Stored data
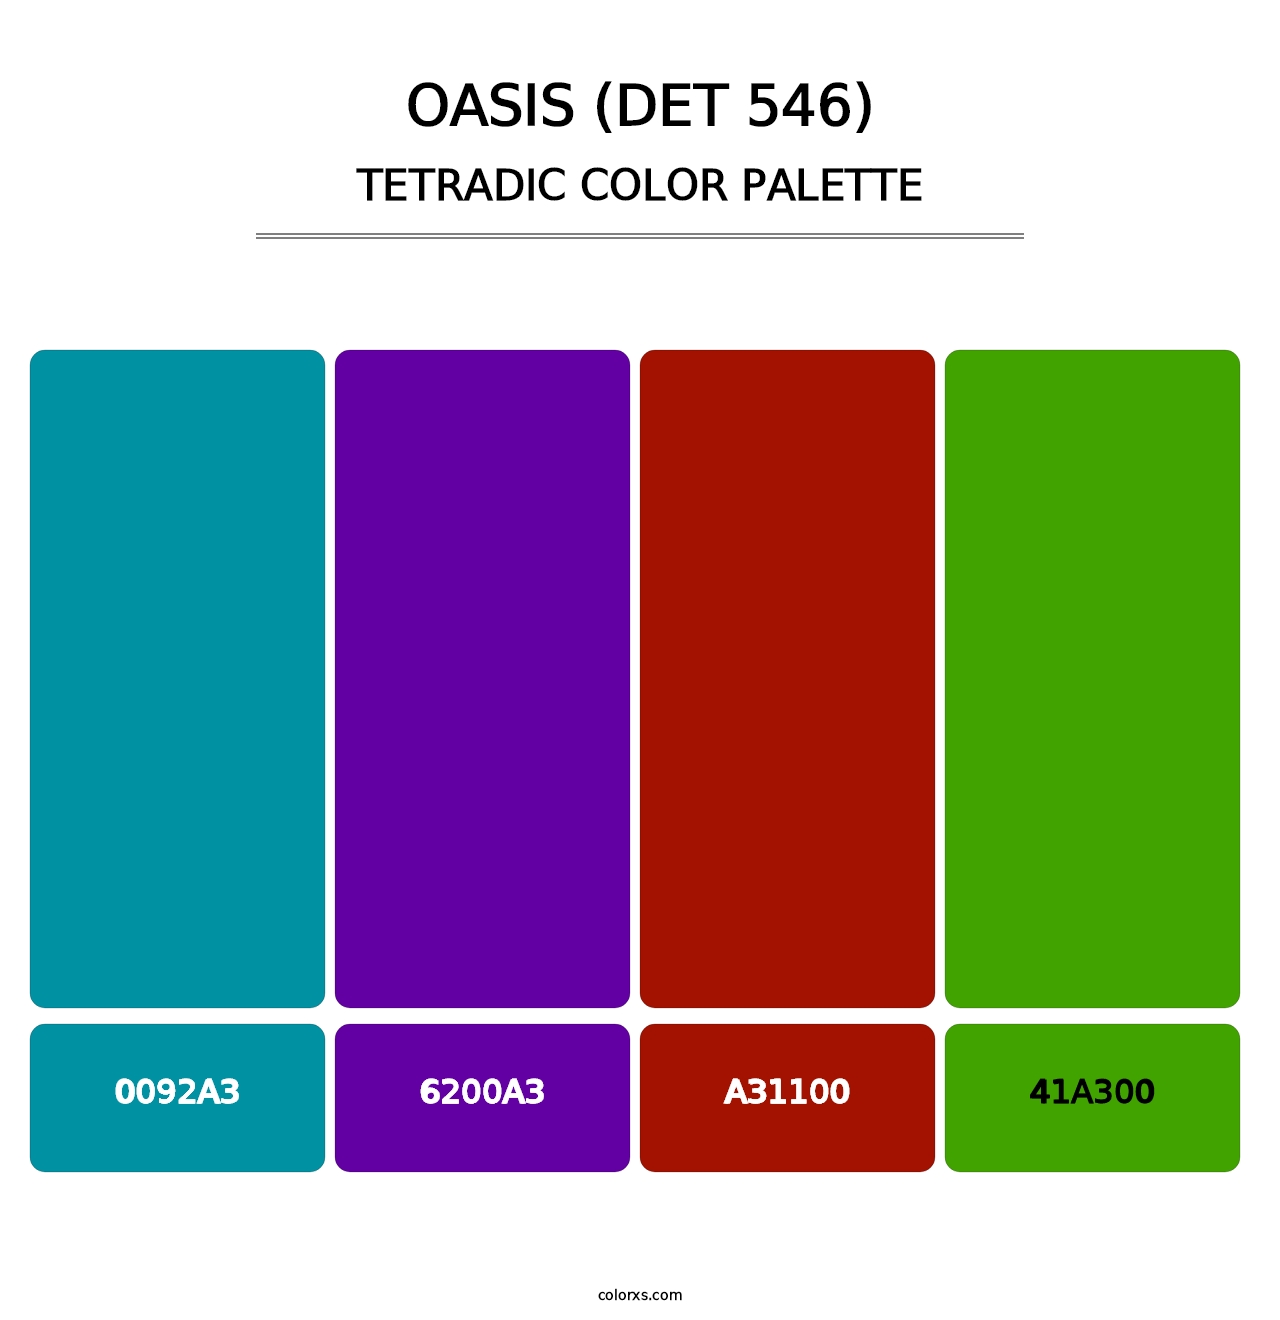 Oasis (DET 546) - Tetradic Color Palette
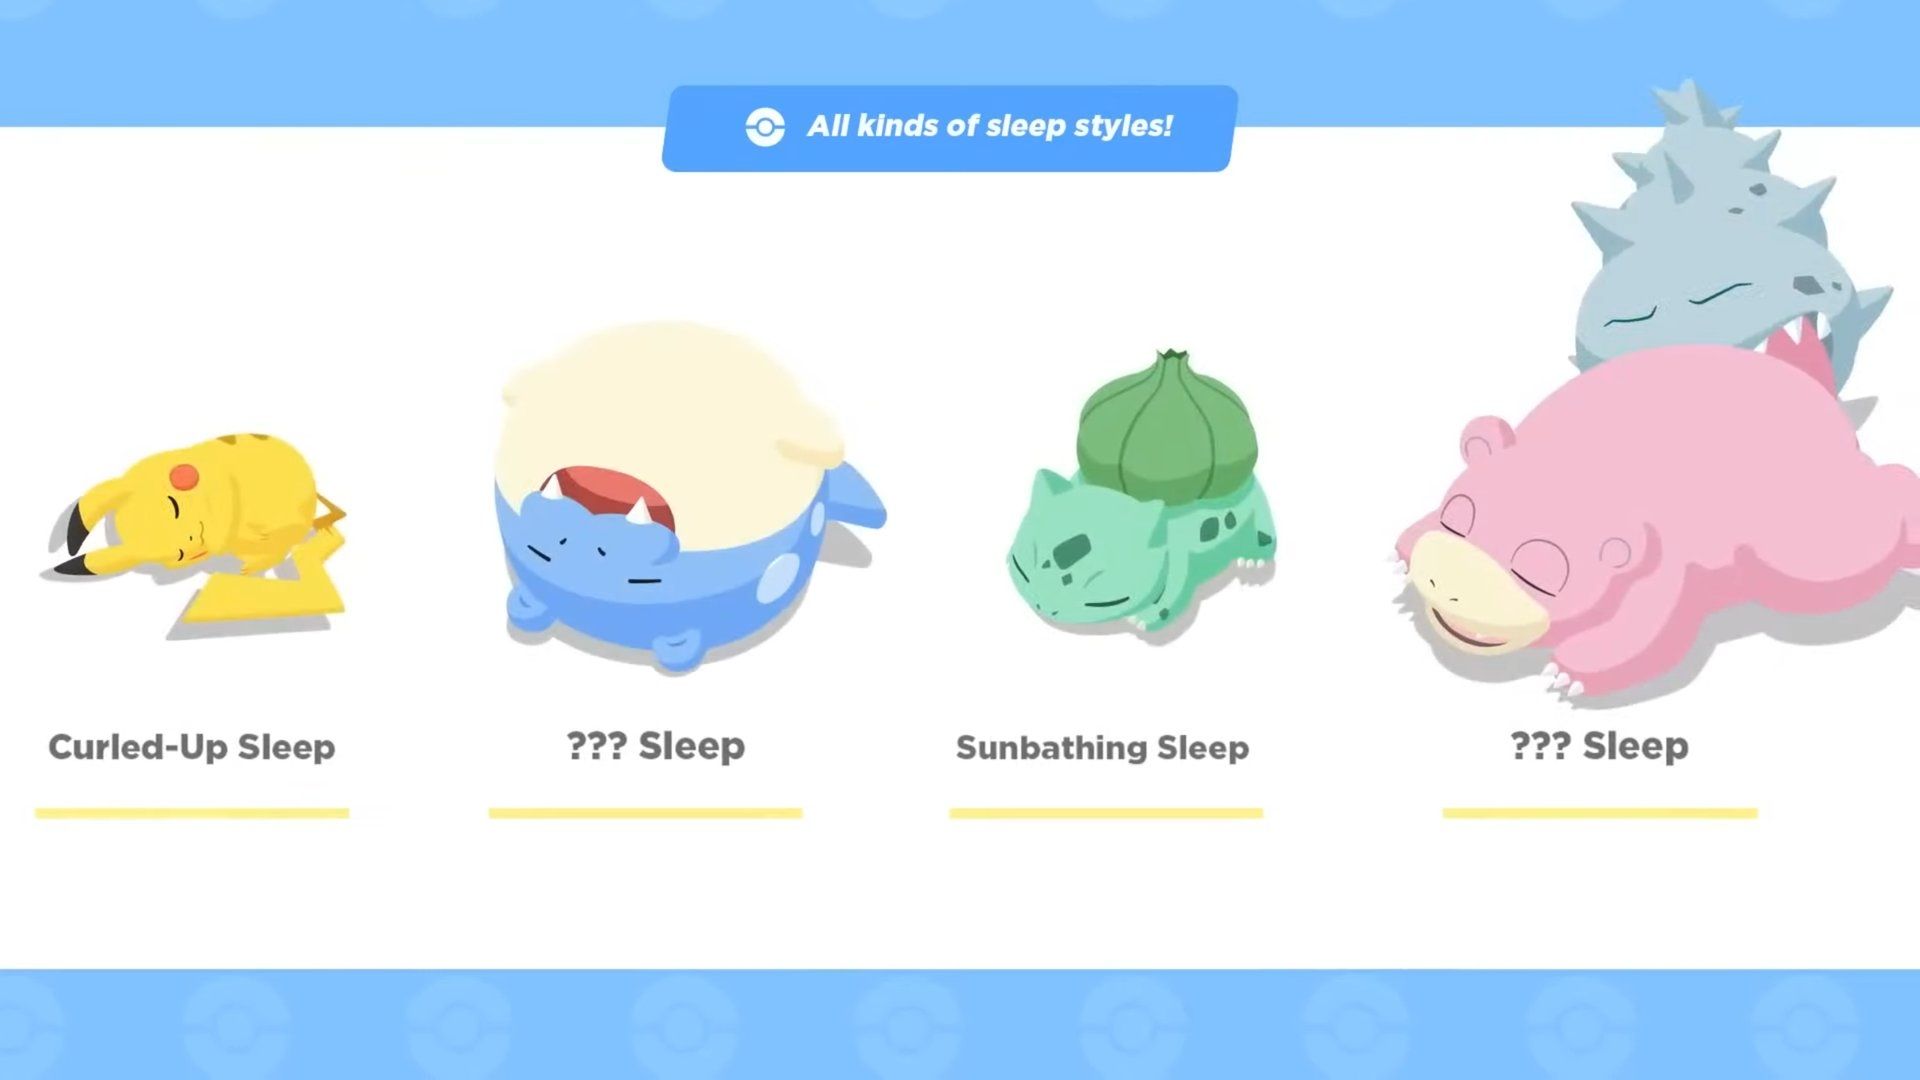 Pokemon SLEEP's alternative sleeping styles: Pikachu's Curled-Up Sleep, Spheal's ??? Sleep, Bulbasaur's Sunbathing Sleep, and Slowbro's ??? Sleep.
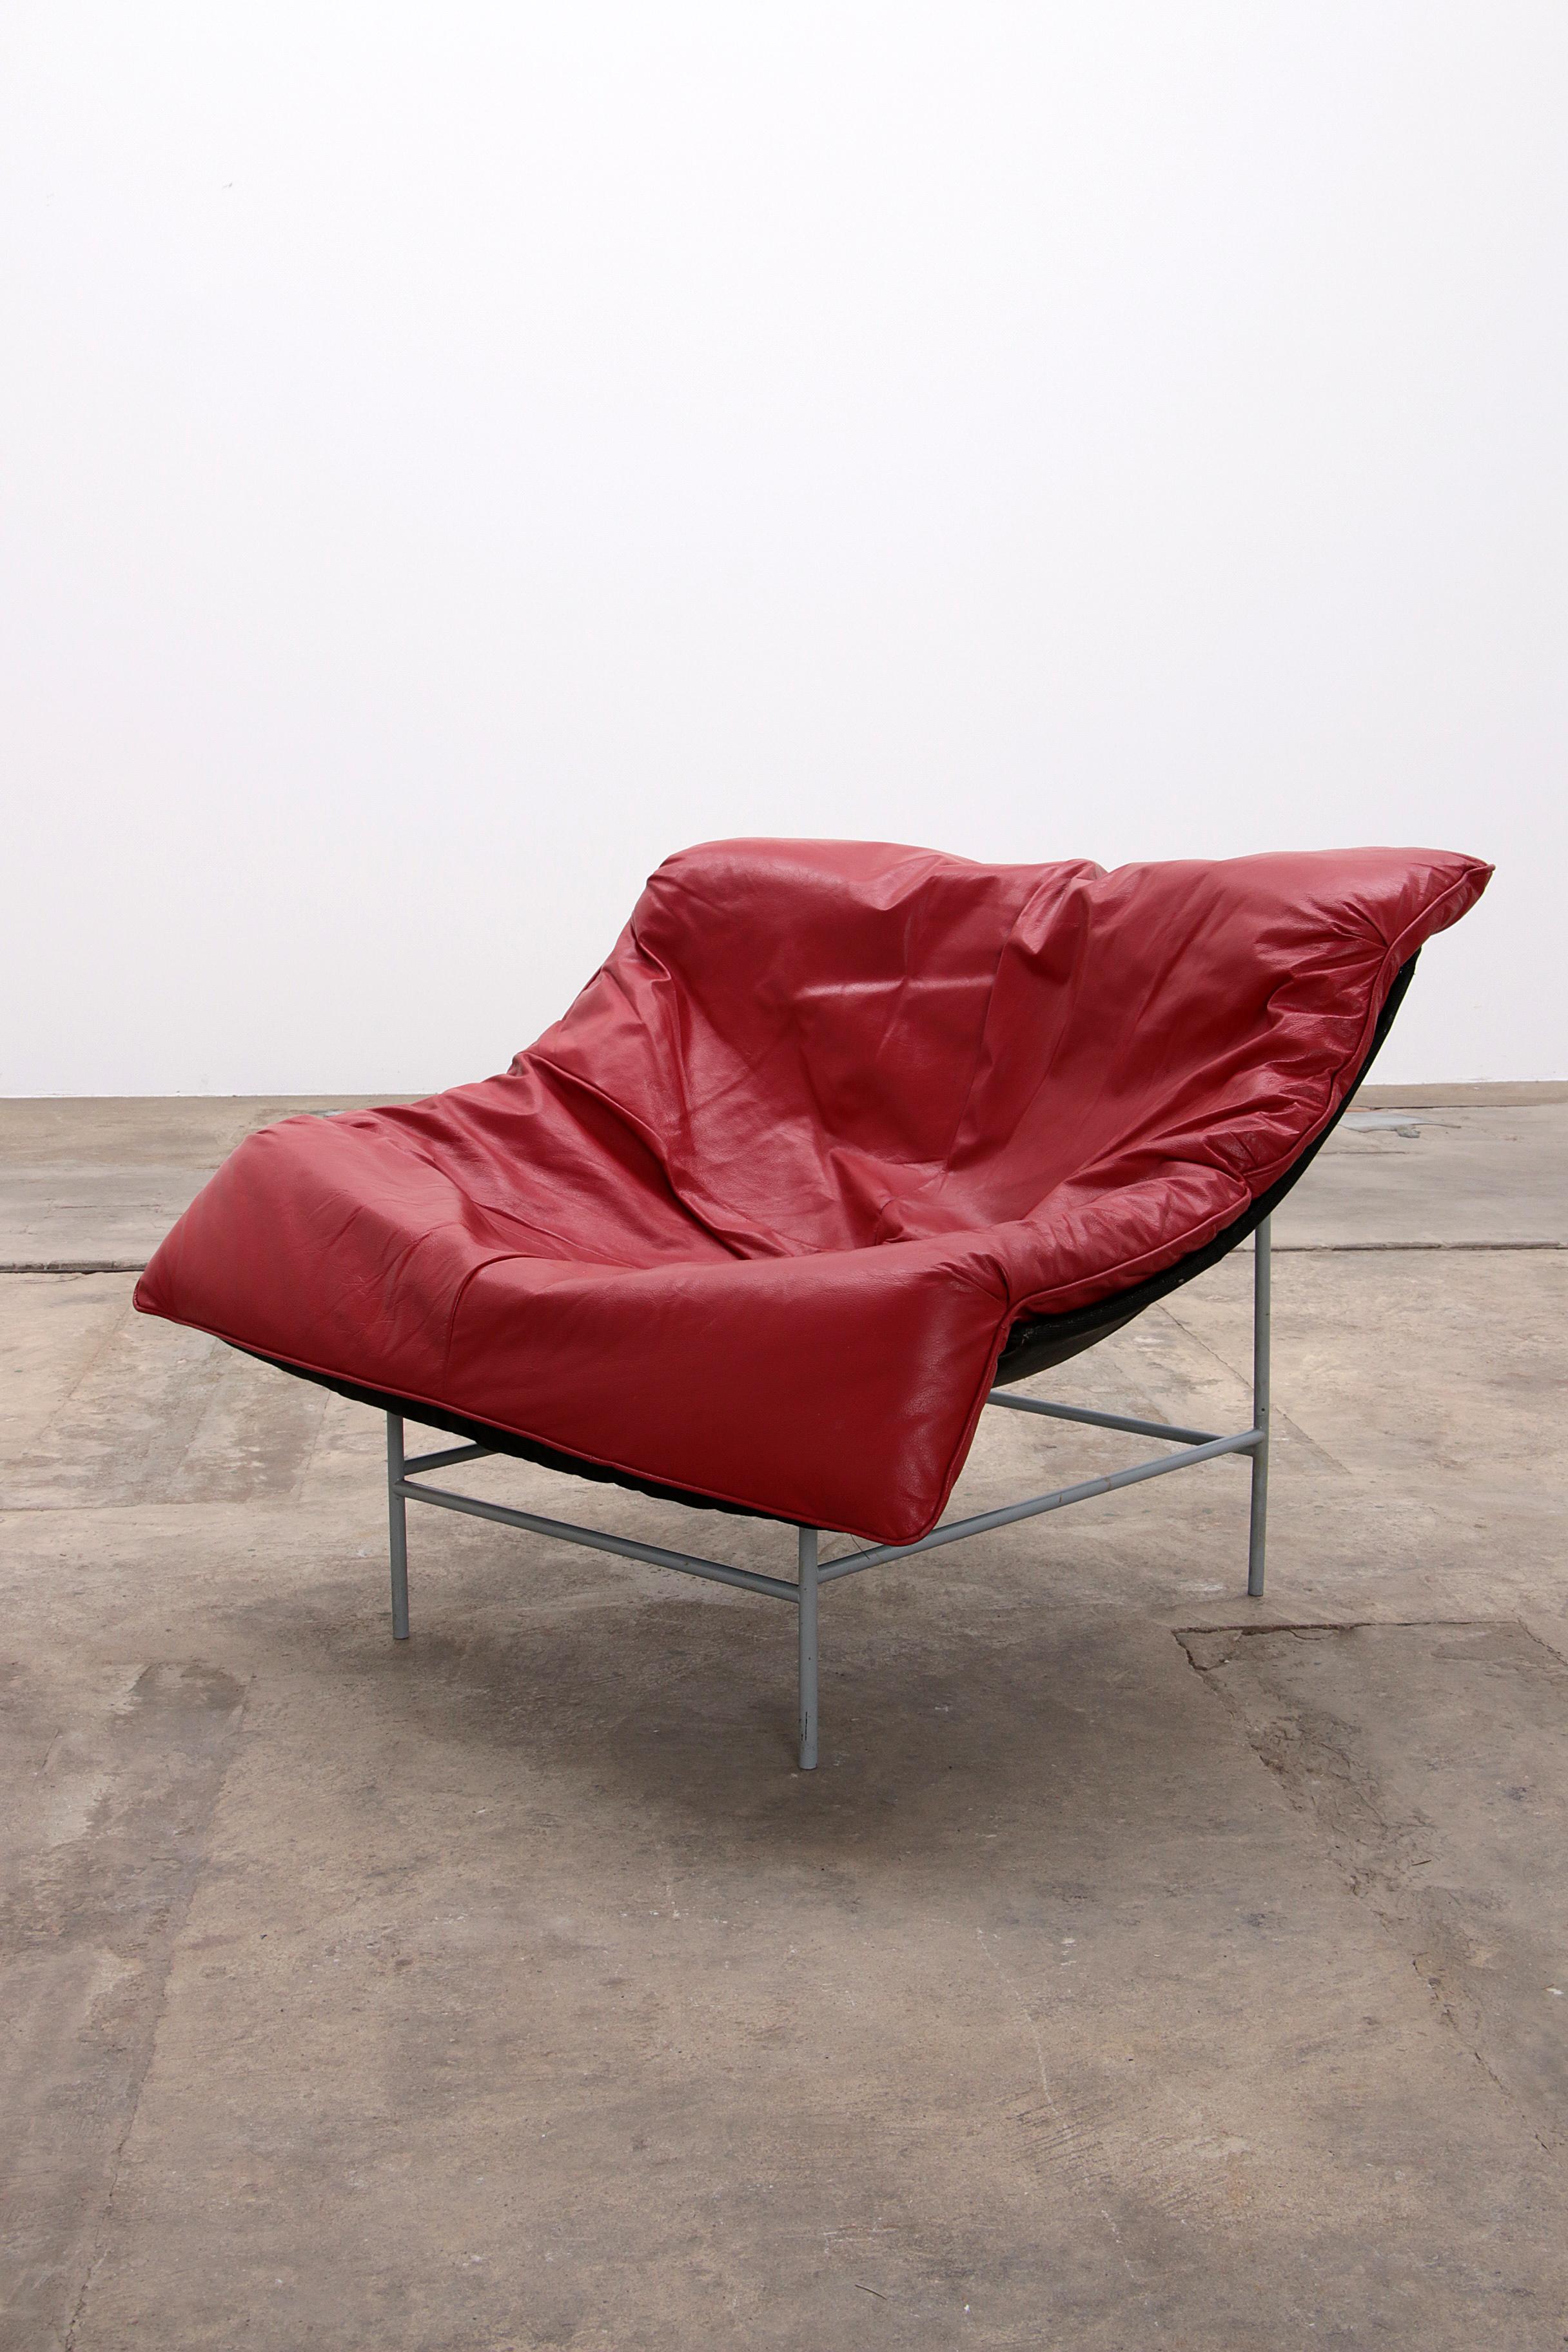 Metal Gerard van den Berg butterfly chair for Montis, 1980 red

What to work on
Reproduce the lines above, exactly and exclusively, from the line containing "Pokemon SLEEP's alternative" down to the last line, both included; pictures are not part of the copy.

Answer
 Pokemon SLEEP's alternative sleeping styles: Pikachu's Curled-Up Sleep, Spheal's ??? Sleep, Bulbasaur's Sunbathing Sleep, and Slowbro's ??? Sleep.
 Metal Gerard van den Berg butterfly chair for Montis, 1980 red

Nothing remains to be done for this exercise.